Multiple database aggregation with record lineage
Our client wanted to be able to publish on just one portal a database created by pooling records from 12 source databases.
Overlaps between different source databases made deduplication necessary to ensure that just one view of each record was offered to portal visitors.
Moreover, the users of the portal having the possibility to correct and/or enrich the published information (=Crowdsourcing), it was necessary to keep, for each entry in the aggregated database, a link to the corresponding record(s) in the source databases (= Record Lineage), in order to pass on the corrections at the source.
Although this particular use case concerns cultural sites, it can be applied identically to lists of businesses and individuals (CRM), product databases, etc.
Verification + . geolocation* of of postal addresses.
Check of postcodes, translation of postcodes into INSEE codes.
Harmonization of the data from each of the 12 source databases to obtain a single target format.
Record Lineage : preservation throughout the processing chain of the identifier of each record as well as its original source base.
Automation of the entire processing chain in both directions (source databases → aggregated database AND aggregated database → source databases) in order to propagate the updates and enrichments occurring at each end.
Single view of each record on the portal, thanks to deduplication.
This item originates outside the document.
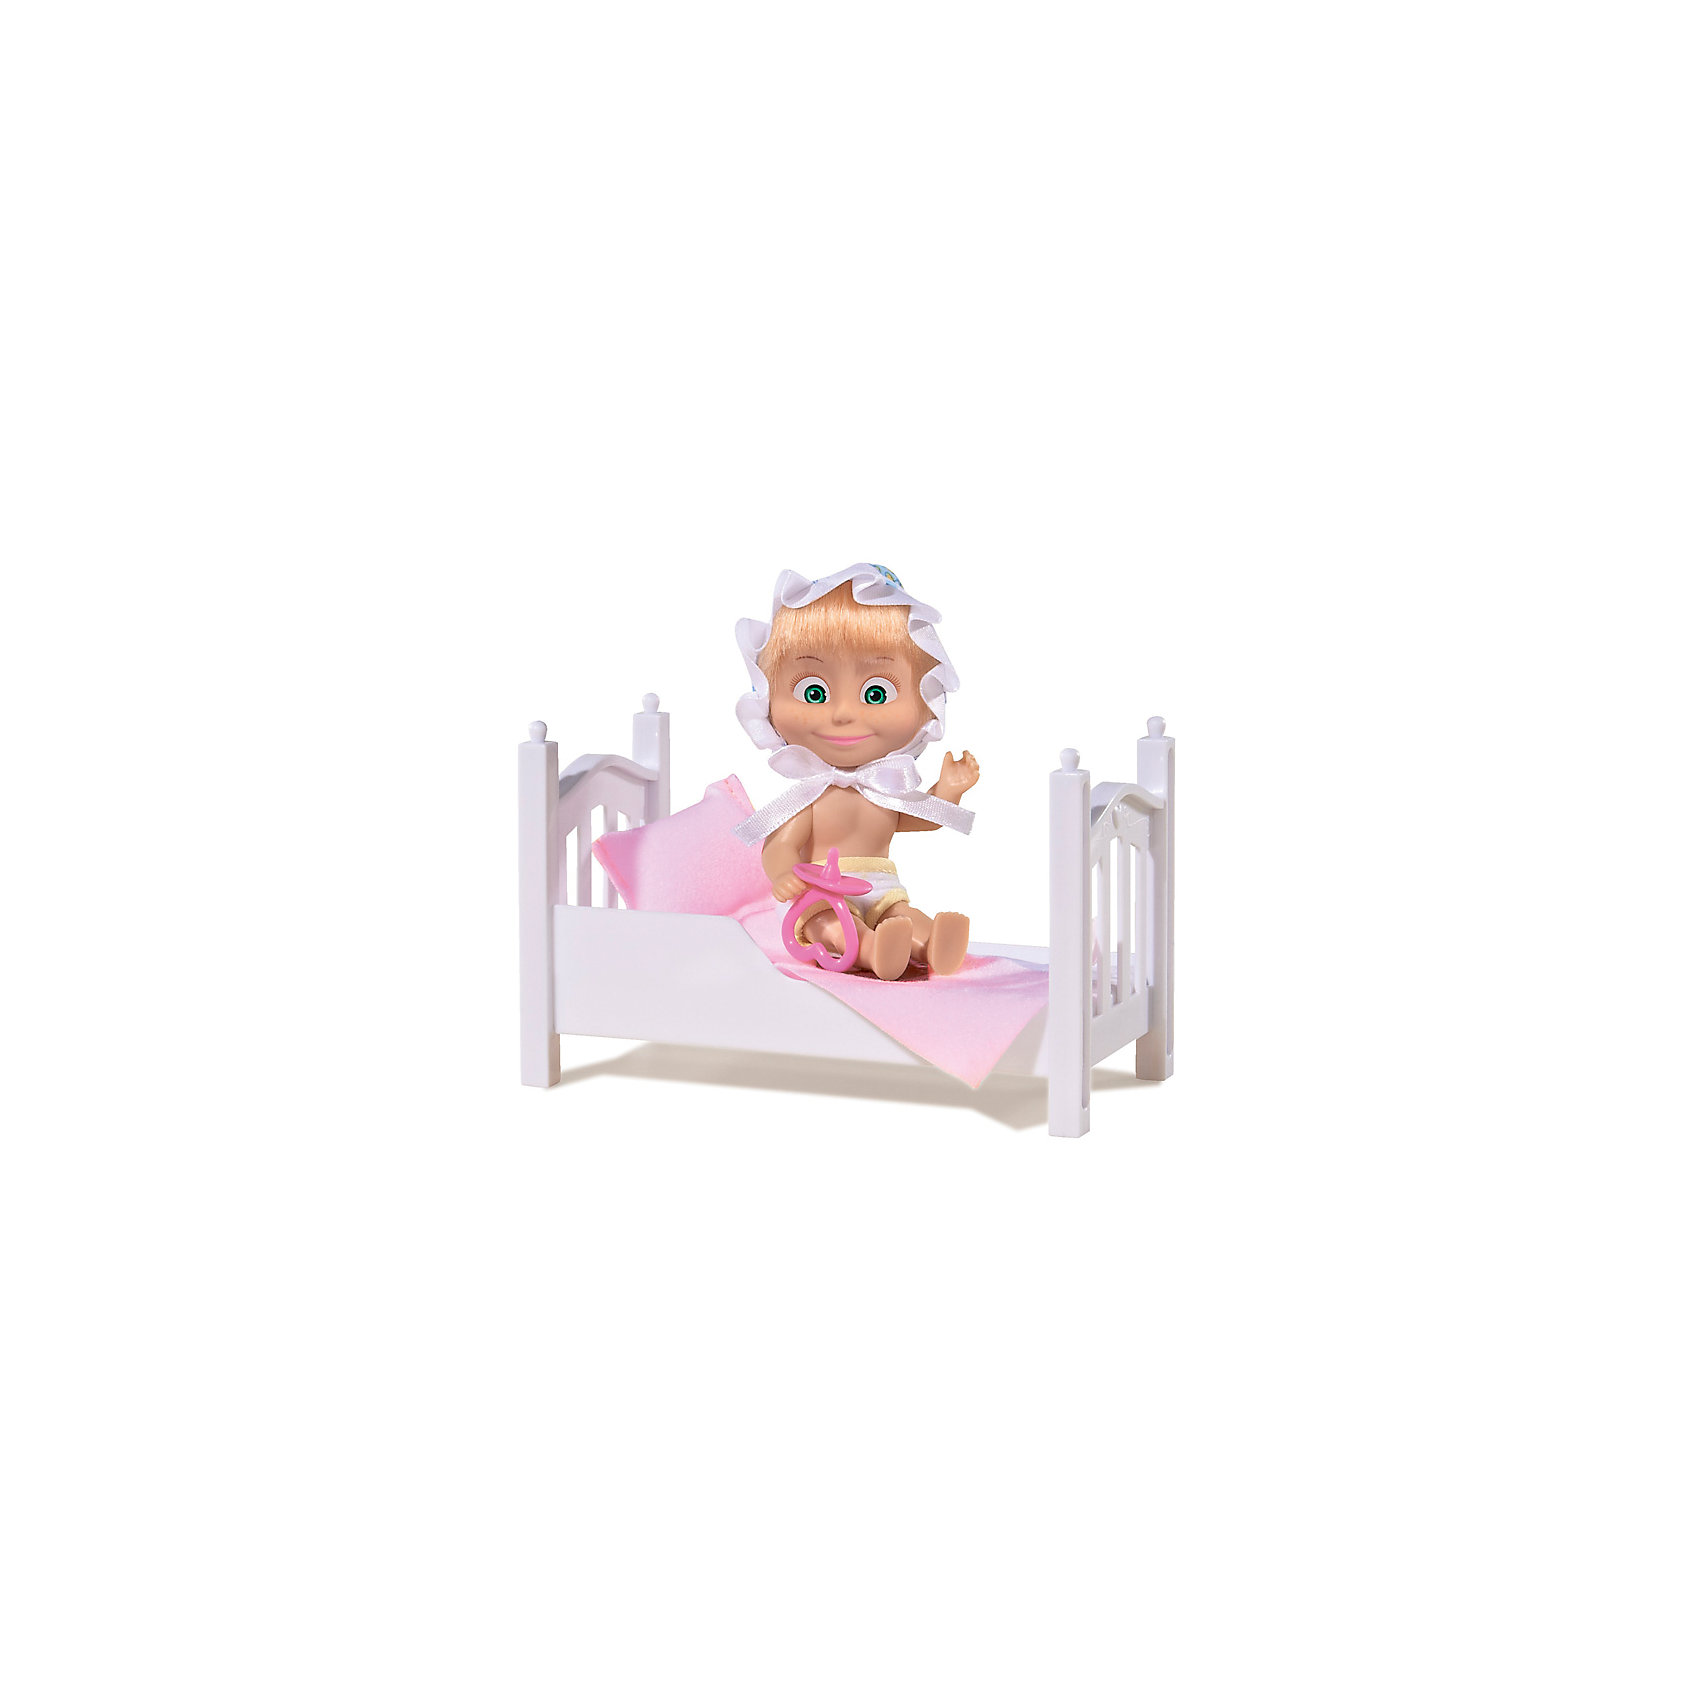 Кукла Маша с кроваткой, Маша и Медведь, SimbaКукла Маша с кроваткой, Маша и Медведь, Simba (Симба) – это прекрасный ситуационный набор по мотивам мультсериала Маша и медведь.<br>Главная героиня знаменитого мультика «Маша и Медведь» тоже нуждается во сне, поэтому у нее есть своя кроватка с мягким постельным бельем, а также шортики и чепчик. Чтобы кукла быстрее «уснула», ребенок может предложить ей симпатичную соску. Куколка выполнена из мягкого винила, ее волосы красиво блестят, а удивленно распахнутые глаза нанесены с помощью стойких красок. Ручки и ножки Маши подвижны, и ей можно придавать различные позы, оживляя игру. Кукла может стоять. Кровать Маши изготовлена из белого пластика и имеет фигурные изножье и изголовье, украшенные рельефными узорами. Чепчик озорной девчонки украшен милыми узорами и атласной оборкой, и удерживается на голове куклы при помощи завязок. Подушка и совмещенный с ней матрасик произведены из приятного на ощупь материала и при необходимости легко стираются, также как и одежда Маши.<br><br>Дополнительная информация:<br><br>- В наборе: кукла, кровать, подушка и совмещенный с ней матрасик, соска для Маши<br>- Высота куклы: 12 см.<br>- Материал: пластик, винил, текстиль<br>- Размер упаковки: 16 х 8,6 х 16 см.<br>- Вес: 200 гр.<br><br>Куклу Машу с кроваткой, Маша и Медведь, Simba (Симба) можно купить в нашем интернет-магазине.<br><br>Ширина мм: 160<br>Глубина мм: 86<br>Высота мм: 160<br>Вес г: 200<br>Возраст от месяцев: 36<br>Возраст до месяцев: 120<br>Пол: Женский<br>Возраст: Детский<br>SKU: 4315161

The owners of the 12 source databases had to be able to retrieve crowdsourcing*corrections in order to be able to apply them to their own databases.
Up-to-date data on the portal including both the latest modifications made in the source databases AND corrections / enrichments by crowdsourcing.
Full process automation , propagating corrections in both directions and at regular intervals.
Standardization of data from different sources
Our client, a major passenger and freight transport company, wanted to reduce the time (weeks or even months) required to collect the input data needed for a project.
The client's data teams therefore began designing an intranet portal where internal project managers could in just a few clicks find the data they needed for their projects.
The problem: each department producing potentially reusable data provided this information in a datasheet published in a format of its own, meaning that several hundred different formats existed.
The purpose of the portal was to allow cross-searches of the data sets generated by different departments. Datasheet harmonization was therefore essential to the success of the portal project.
Single format created for datasheets.
Format import: Tale of Data uses the target format to automatically suggest to the user the data transformations that will be needed to move from the current to the target format.
The client's data team used Tale of Data to produce, for each input datasheet format, lists of the data transformations that would be needed to create an output datasheet.
Full process automation : each day the various departments upload new datasheets onto the client’s private Cloud (Microsoft Azure). Tale of Data retrieves these records and automatically applies the relevant transformations to them (depending on the department of origin and the nature of the datasheet).
Once in pivot format, the cards are deduplicatedand then sent by Tale of Data to the portal (via API) where they are indexed in order to be available for research.
Tens of millions of euro saved thanks to a dramatic reduction in new project start-up times.
The portal is now regularly used by project managers to gather the data they need for their projects.
The rate of data reuse is rising fast and the number of datasets purchased from external providers has decreased significantly- This is because project managers previously had no way of knowing whether their company already had the data.
By standardizing locations (of construction sites, warehouses, depots, etc.) targeted geospatial searches can be performed in the portal on data sets.
Risk of failure has been greatly reduced because projects now start faster and with the right input data.
Reconciliation of automotive standards
Our client, a leader in the field of consumer credit, wanted to offer an online financing plan to all buyers of used cars in the click of a mouse.
While partner sites selling used vehicles mostly use Argus (sometimes JATO), the algorithms creating our client's financing plan were based on EUROTAX.
In order to receive a financing plan in a matter of seconds, a unique match had to be made with entries in repositories that do not share a common key and whose different descriptions of vehicles make matching far from easy.
Use of special joins (called "full-text")*. designed by Tale of Data (about 100,000 entries per repository) :
Composite key created for each repository by concatenating several fields (e.g. model, long version label, number of doors, launch year, etc.)
The composite key is then matched against those of the other repositories with the highest number of shared "words". Words are also weighted for rarity within the composite key (principle: the rarer a word is in the key, the more credible the match)
Elimination of multiple matches using numerical fields called arbitration fields (e.g. price including VAT or level of CO2 emissions). These fields are not standardized enough to be entered in the composite key, but are very helpful during selection when a vehicle from one repository is matched against several vehicles from a different repository. The selected vehicle will be the one closest in price and CO2 emissions.
Theinvolvement of business experts (who have in-depth knowledge of automotive repositories) meant that decisions on which fields to include in the composite key and on arbitration fields were as accurate as possible.
The unique match rate has risen:
From 55% in the original approach, when the client's data scientists were being asked to code in Python matching algorithms for character strings - algorithms that the business regularly rejected over a period of several months
To 95% using the composite key and business involvement approach suggested by Tale of Data
The remaining 5% of multiple matches presented no significant differences in terms of the financing plan generated. The Tale of Data approach was validated after one week by the client's business teams.